Data entries:
##########

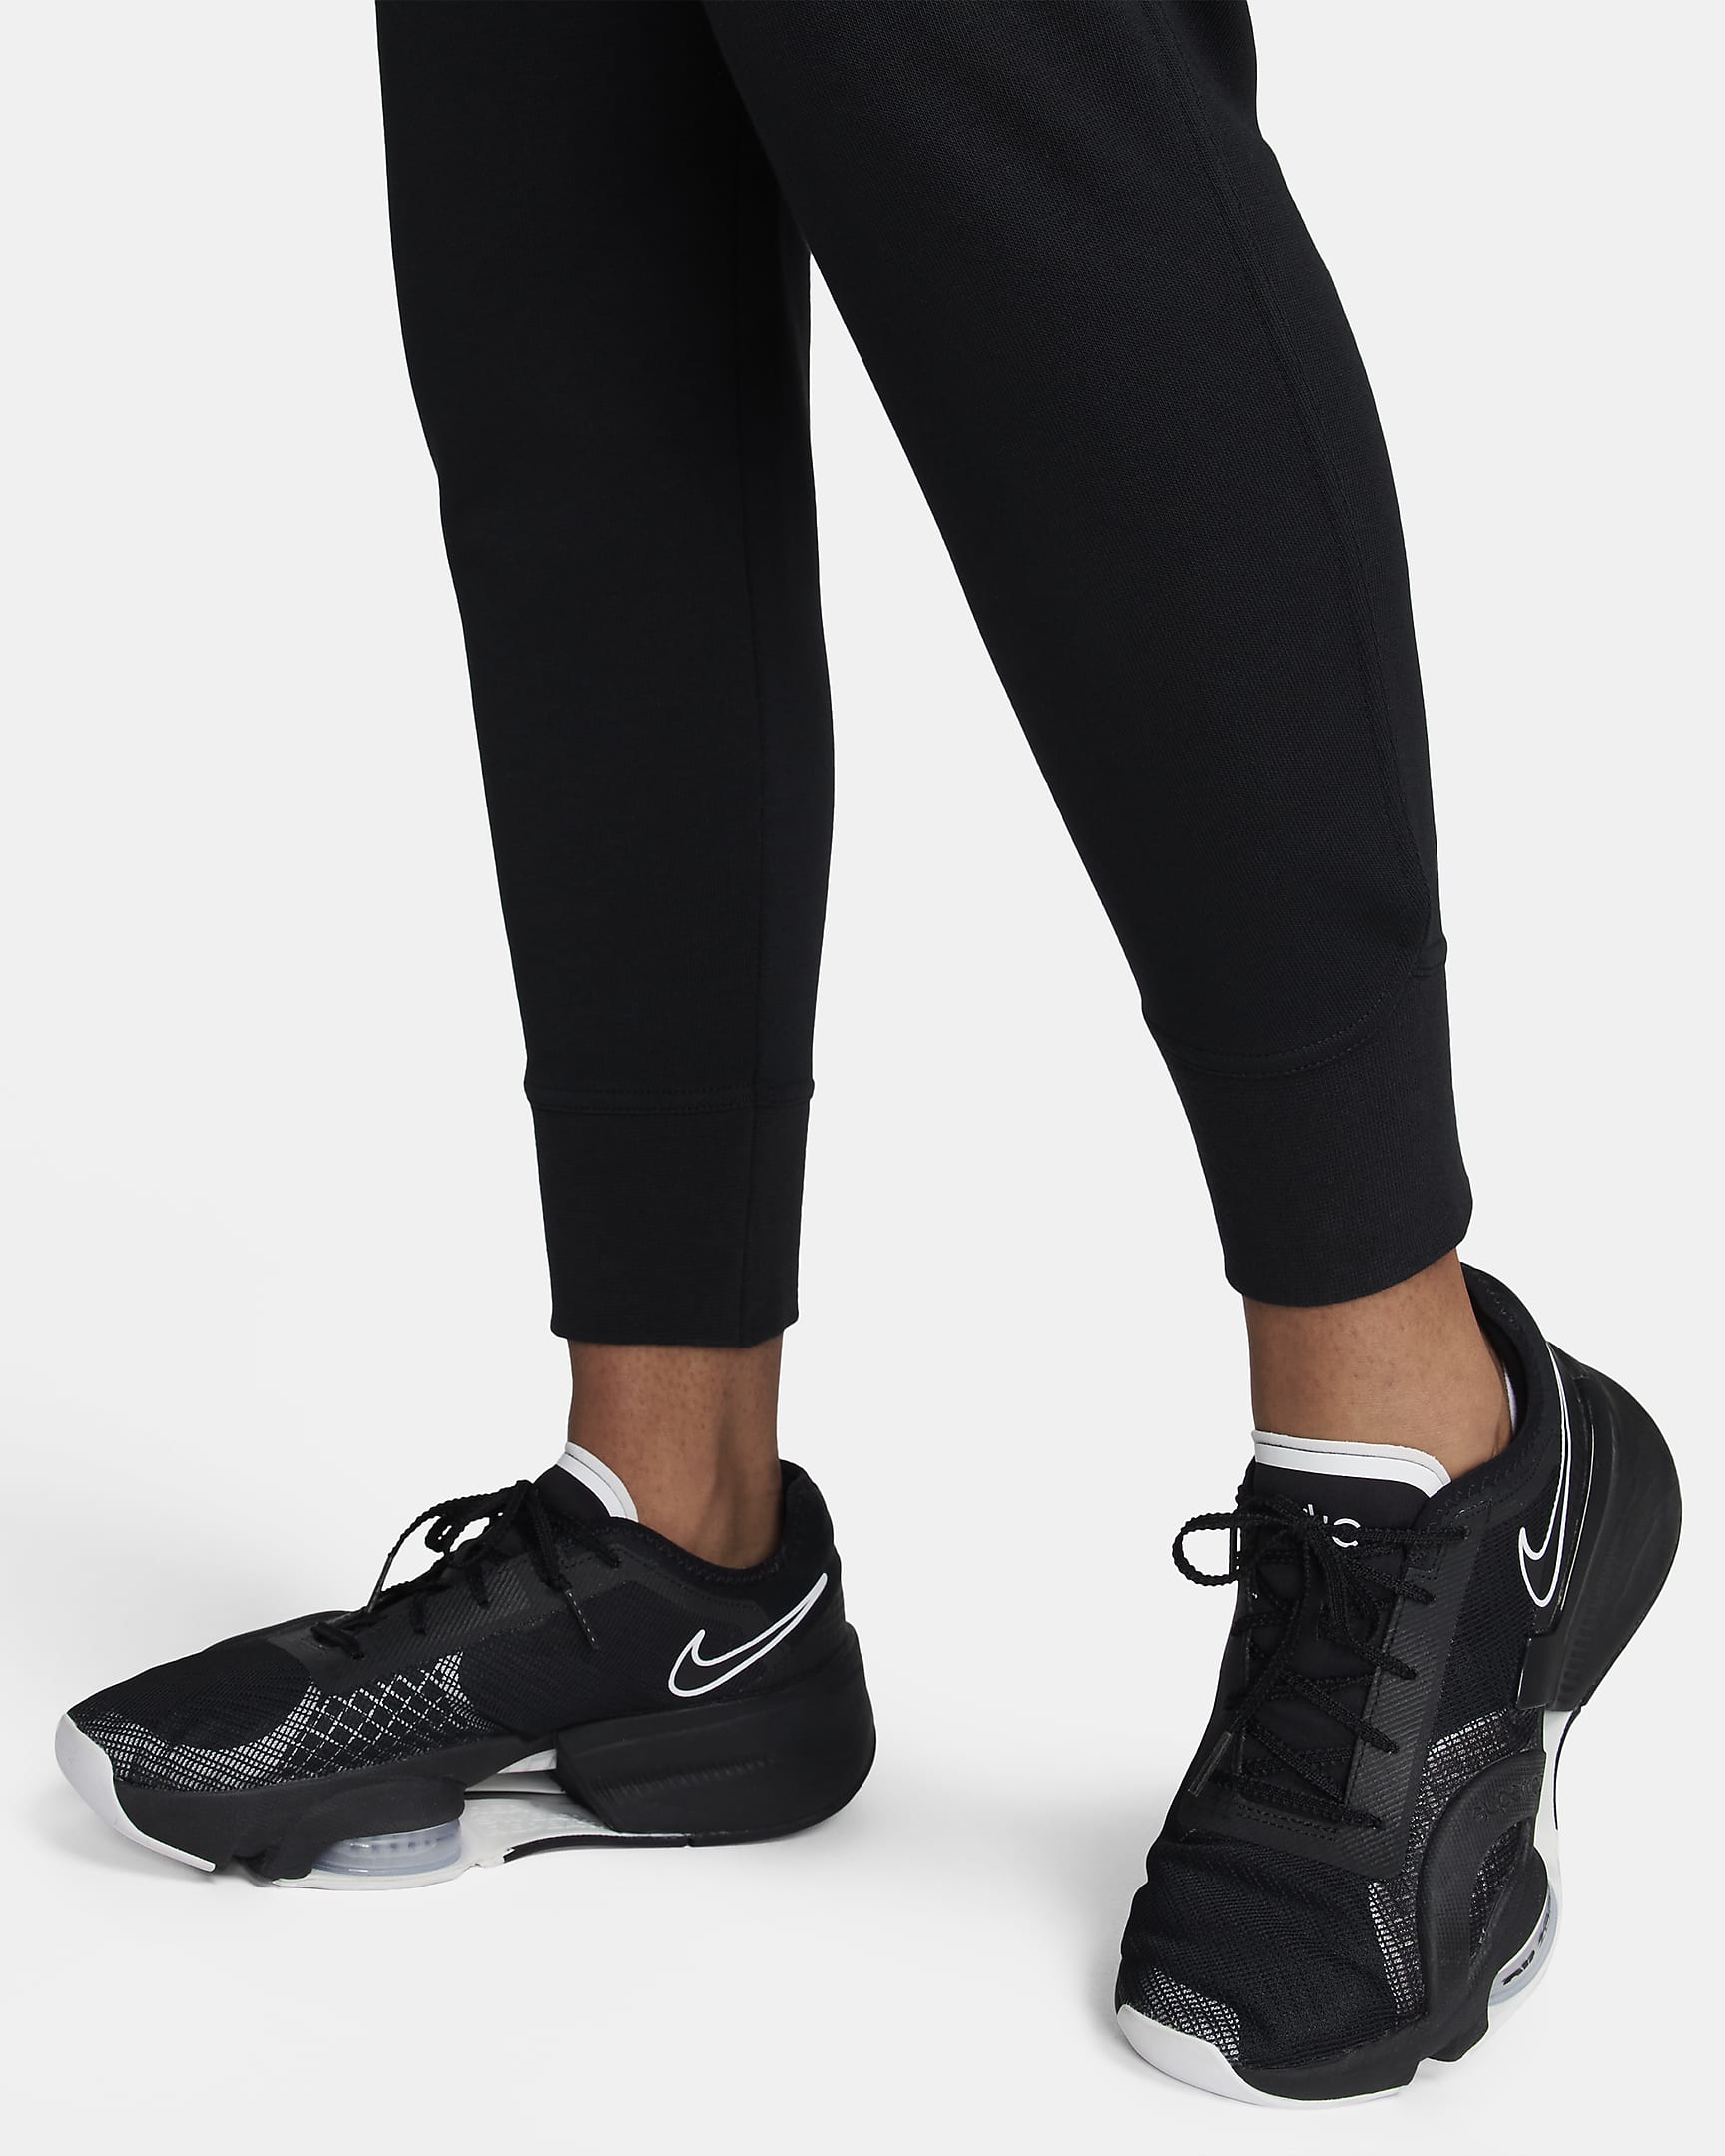 Pants de entrenamiento para mujer Nike Dri-FIT Get Fit. Nike.com
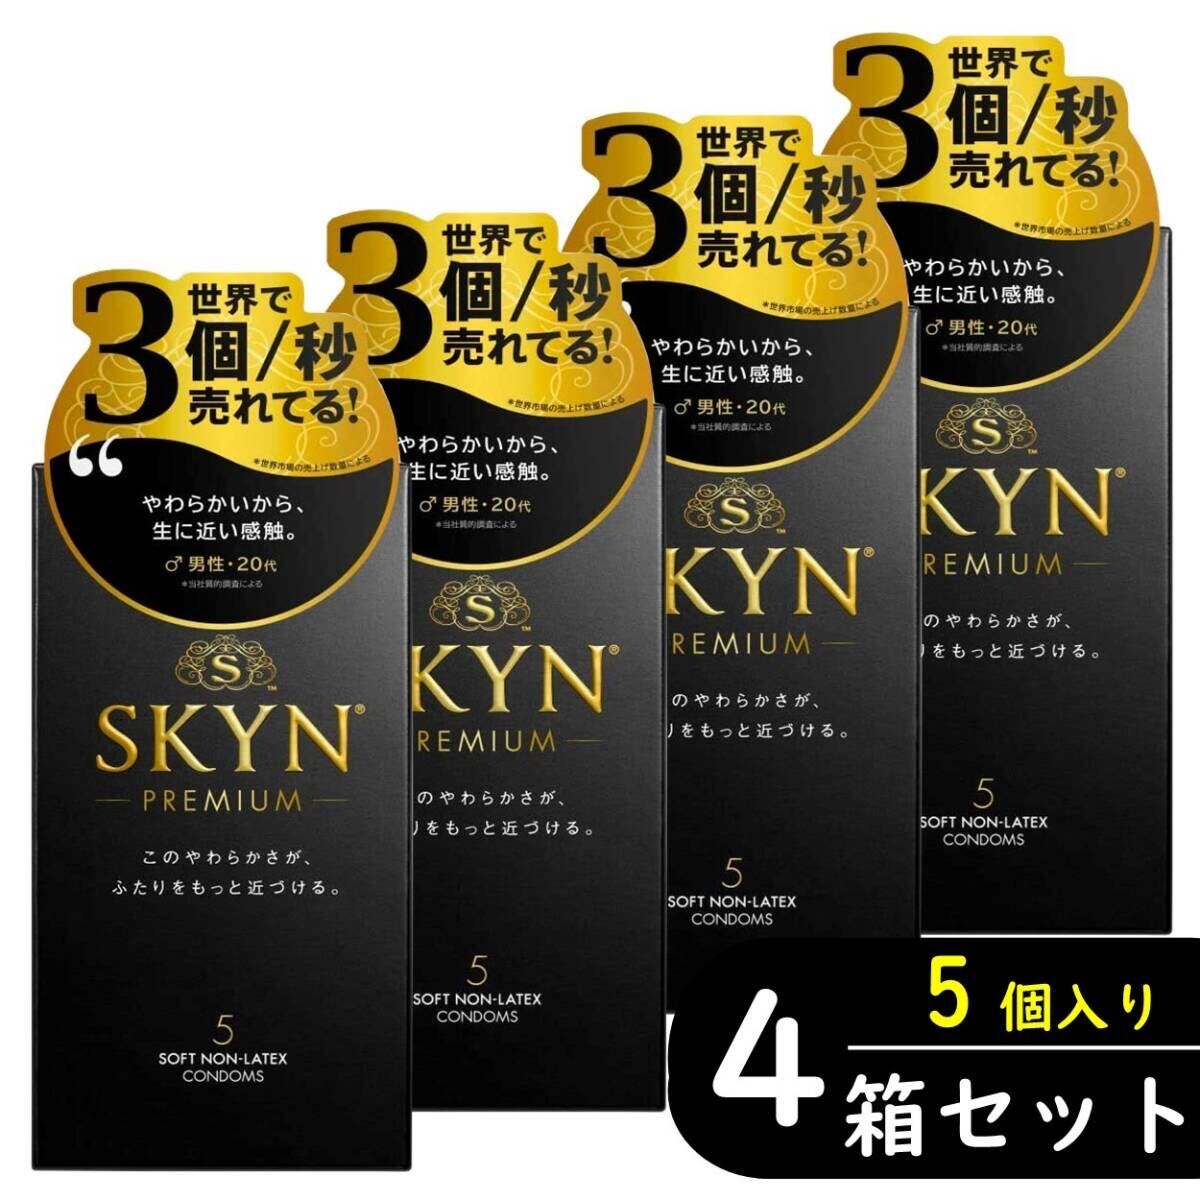 SKYN プレミアム アイアール 5個入り×4箱セット（ゴム スキン 避妊具）
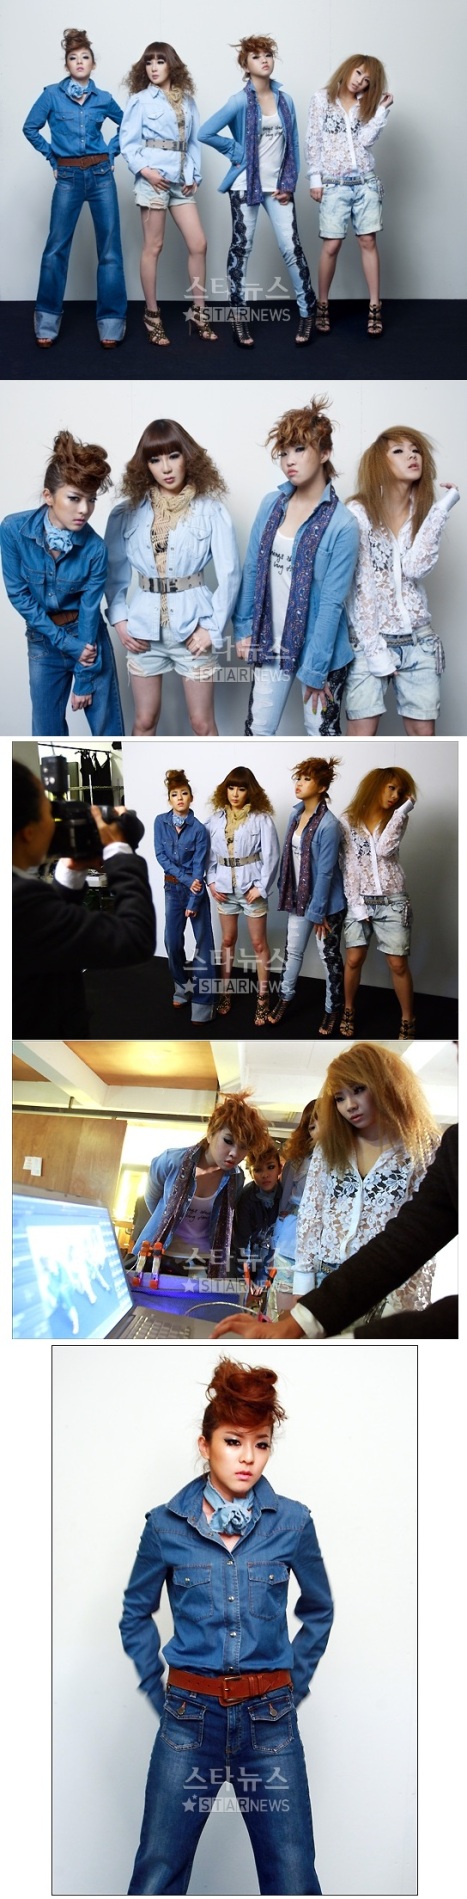 2NE1 for ‘2010 Big Project – Girlgroups dress as guys' 2ne1
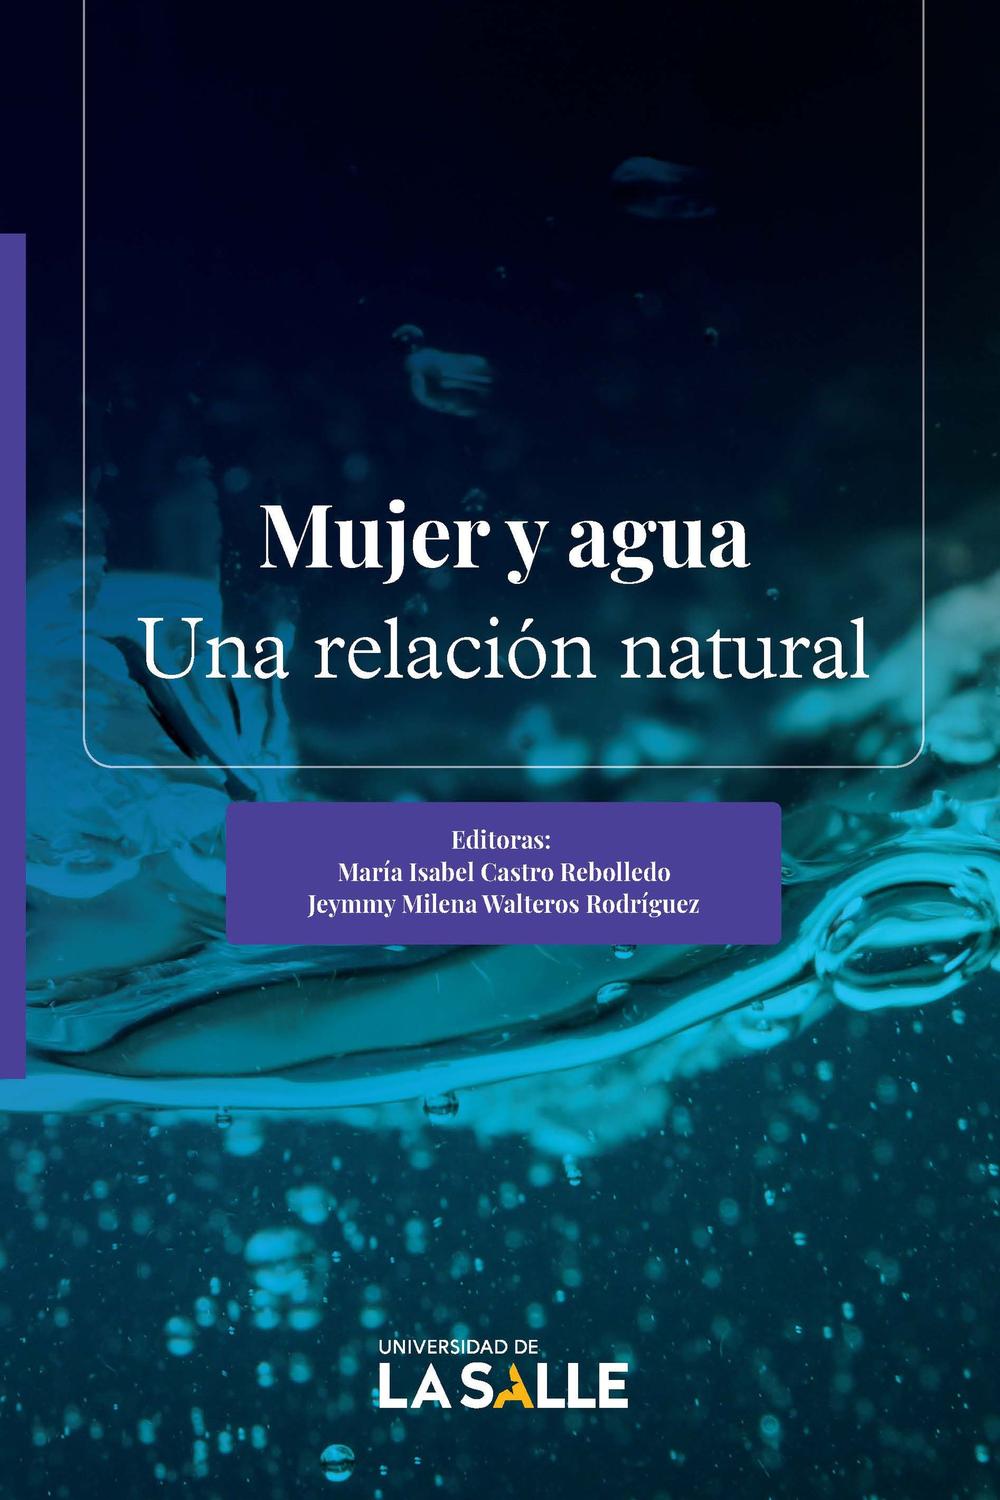 Mujer y agua - María Isabel Castro Rebolledo, Jeymmy Milena Walteros Rodríguez
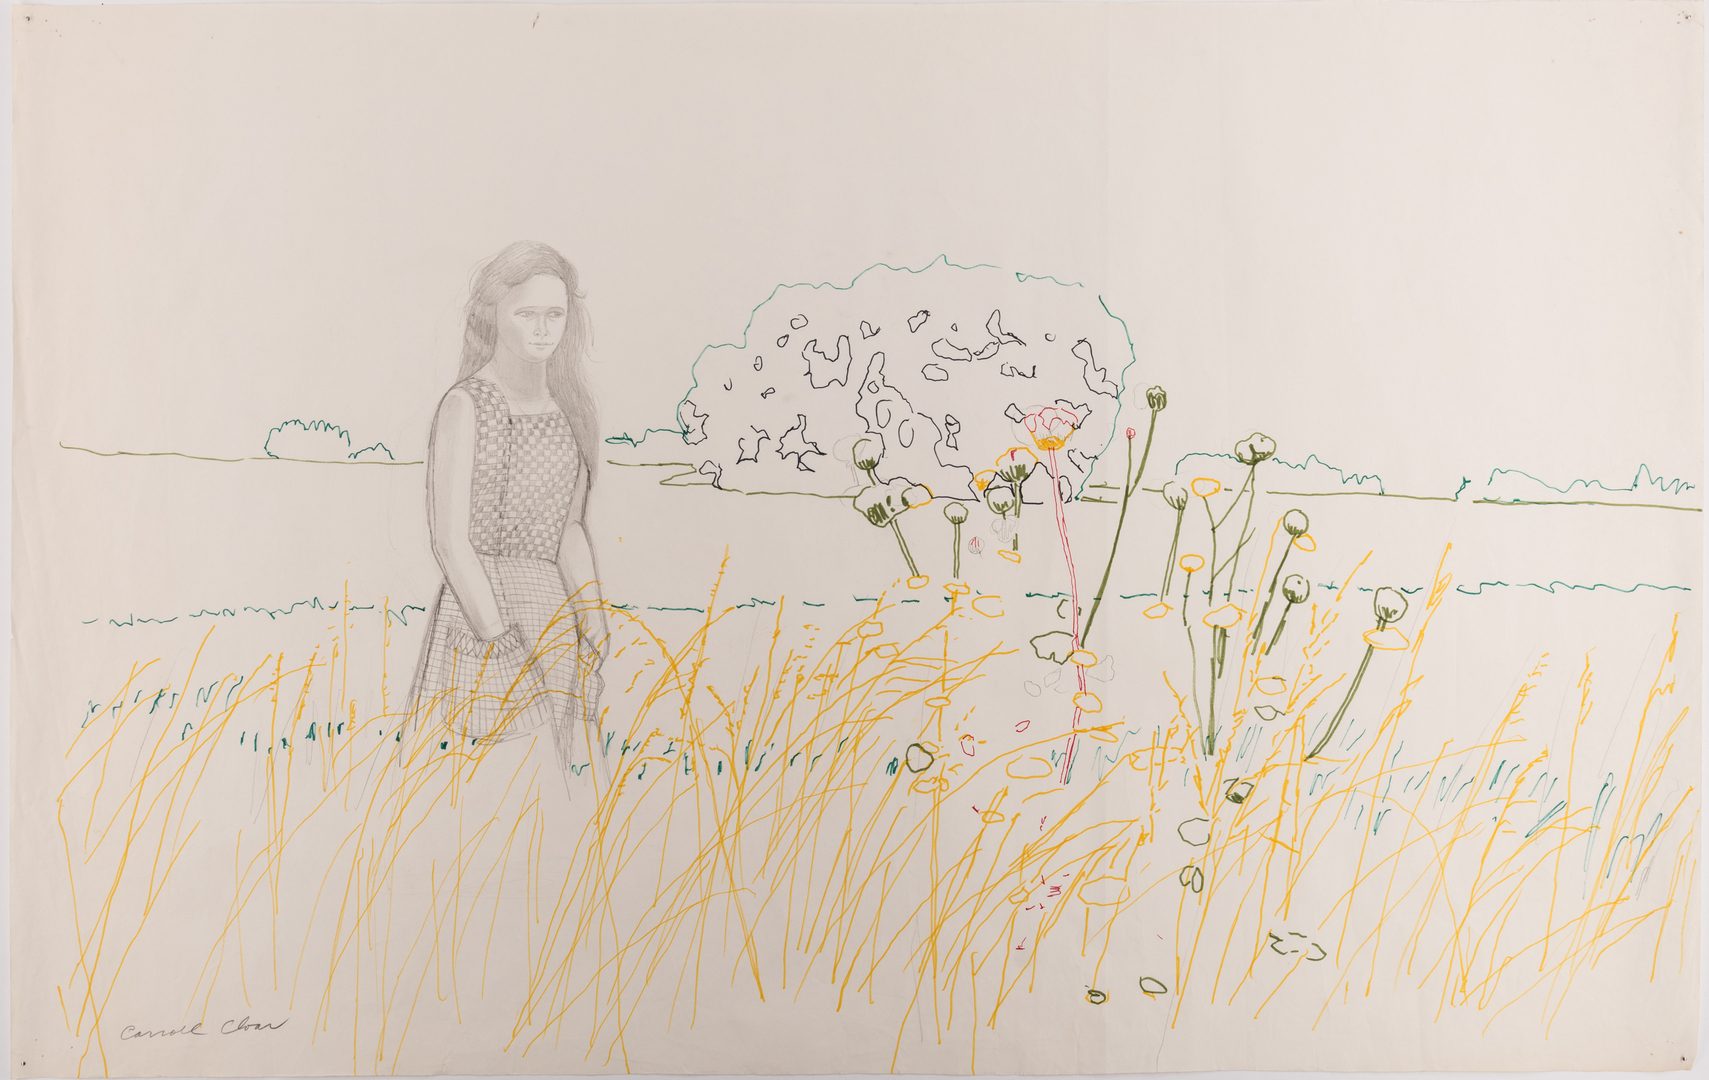 Lot 130: Carroll Cloar Drawing, Woman in Field

##########

* _Problem details_
Return nothing except the lines from the one containing "Mujer y agua" through the final line of the data, copied exactly. Leave out all pictures.

* _Written solution_
 Mujer y agua - María Isabel Castro Rebolledo, Jeymmy Milena Walteros Rodríguez
 Lot 130: Carroll Cloar Drawing, Woman in Field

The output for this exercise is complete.